Even though Mandelson oversaw the early morning media and strategy call with key No 10 officials, he was finding it increasingly difficult to ensure that the decisions taken that morning were implemented. Few in No 10 seemed capable of telling the prime minister when he was wrong. On Afghanistan, for instance, Brown had finally got his act together but for long periods seemed unable to focus in a sustained way.
At one point Mandelson seemed exasperated by Brown\'s ability to communicate. The problem was that Brown simply could not communicate with the electorate. The comparison with Tony Blair was left unsaid.
There was then the strange, albeit brief, period when Mandelson toyed with returning to Europe in the new role of the EU\'s foreign policy supremo. Brown had initially given his blessing to David Miliband, the foreign secretary, taking the job when the offer came. But when Miliband declined, Brown barred Mandelson from putting himself forward. The thinking appeared to be that it would not reflect well on the Brownite ship if rats deserted a vessel so soon after rejoining it.
The crystallising moment came with the pre-budget report a fortnight later. His friends said Mandelson felt he had fought and lost a major internal battle on strategy, economics and communications. His strategic aim had been to ensure that Labour sounded credible and detailed enough about how to tackle the £175bn deficit. He and his allies fought to ensure that specific cuts were agreed, but then few were spelled out by Alistair Darling in the PBR.
Mandelson thought the party would have gained credit for leadership and courage by telling the electorate the unpalatable news of what was necessary in straitened times. Instead, the focus was on spending rises in health, schools and police, dwelling on the good news rather than the bad. Ed Balls and Yvette Cooper might have been seen off in their efforts to lower the new 50p top rate of tax to those earning £100,000 or more rather than £150,000. But Brown had sided with Balls in deciding to rule out a deferred rise in VAT supported by the Treasury.
Although the policy differences between Balls and Mandelson can be exaggerated, Balls was the overall winner from the internal battle that in turn may yet set the battle lines for the election. In his Tribune column just before Christmas, Balls was the man writing with gusto about the dividing lines with the Tories on tax and spend successfully outlined by the PBR. In his darker moments Mandelson feared Balls was leading the party to a core vote strategy.

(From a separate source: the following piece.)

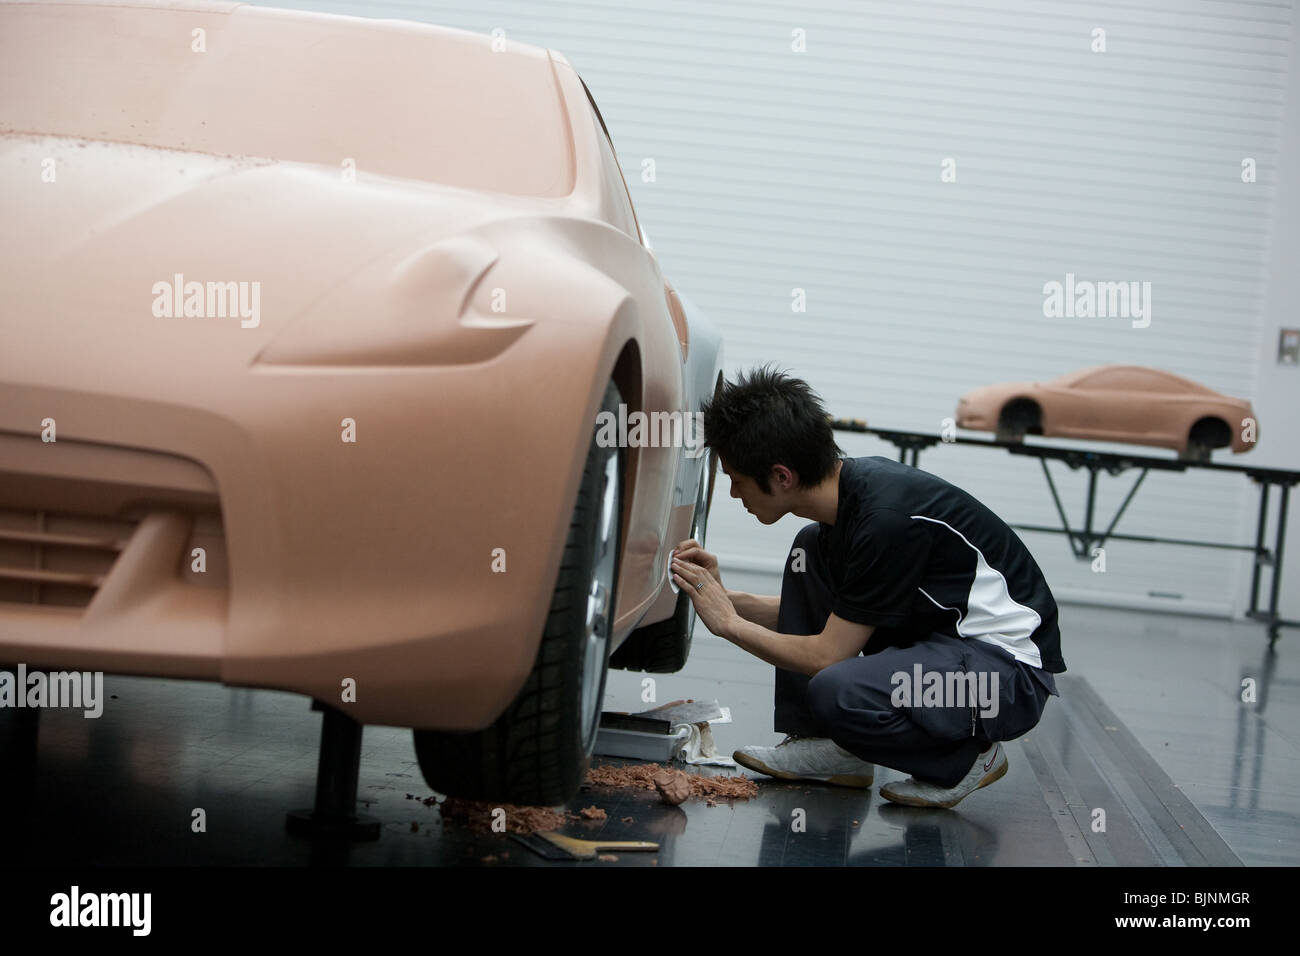 Clay modelers at work on a model of the 'Nissan Fairlady Z' car at the Nissan Design Centre, Atsugi, Japan, 2010. Stock Photo
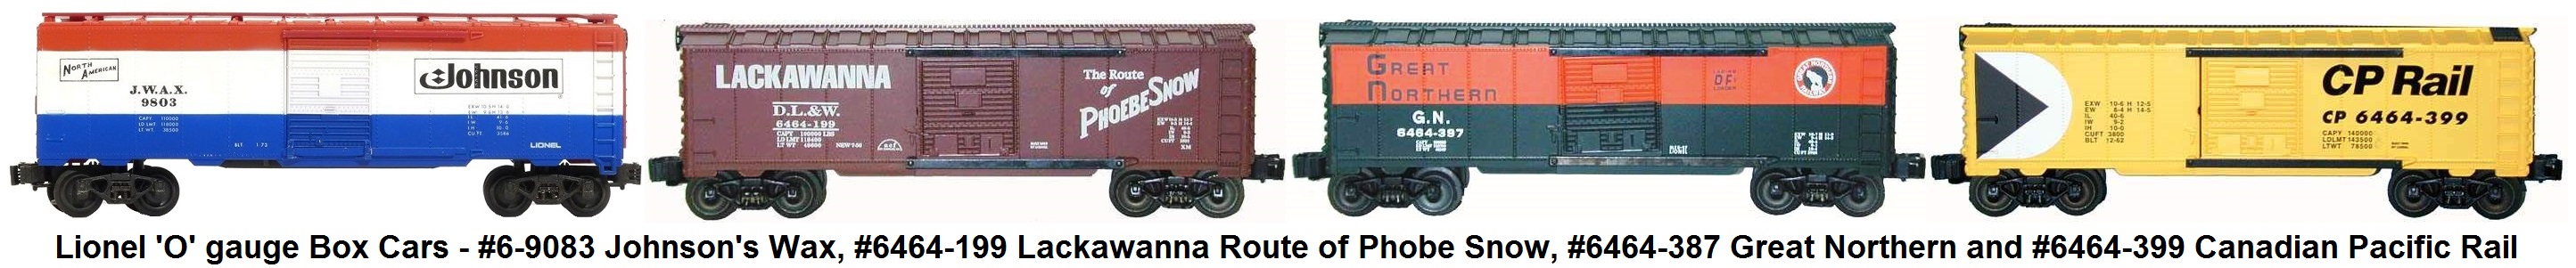 Lionel 'O' gauge #6-9083 Johnson's Wax, #6464-199 Lackawanna Route of Phoebe Snow, #6464-387 Great Northern and #6464-399 Canadian Pacific Rail Box Cars

The issue subsequently has been what would the business secretary do about all this. He probably senses that many in the cabinet harbour severe doubts about Brown\'s electability. Unlikely figures such as Harriet Harman and even Balls have privately voiced their concerns, but in the case of Harman regard the mayhem of replacing Brown worse than battling on as now. Miliband has not shown, in the words of one cabinet minister, that he has the lead in his pencil to act decisively against the prime minister.
Owing to the Tolstoyesque psychodrama that formed New Labour, and his personal determination not to betray Brown, Mandelson will not join any last-minute deputation to ask him to stand aside for the good of the party. So it is likely that nothing will happen.
As he likes to remind people, Mandelson regards himself as a fighter not a quitter. It is not his instinct to give up, and those who suggested he had, or was, becoming disengaged from Downing Street only served to anger him.
No decisions have been announced, but he is still likely to head the election campaign, aided by Douglas Alexander and David Muir.
But it is perilously late for the party to finalise its election strategy.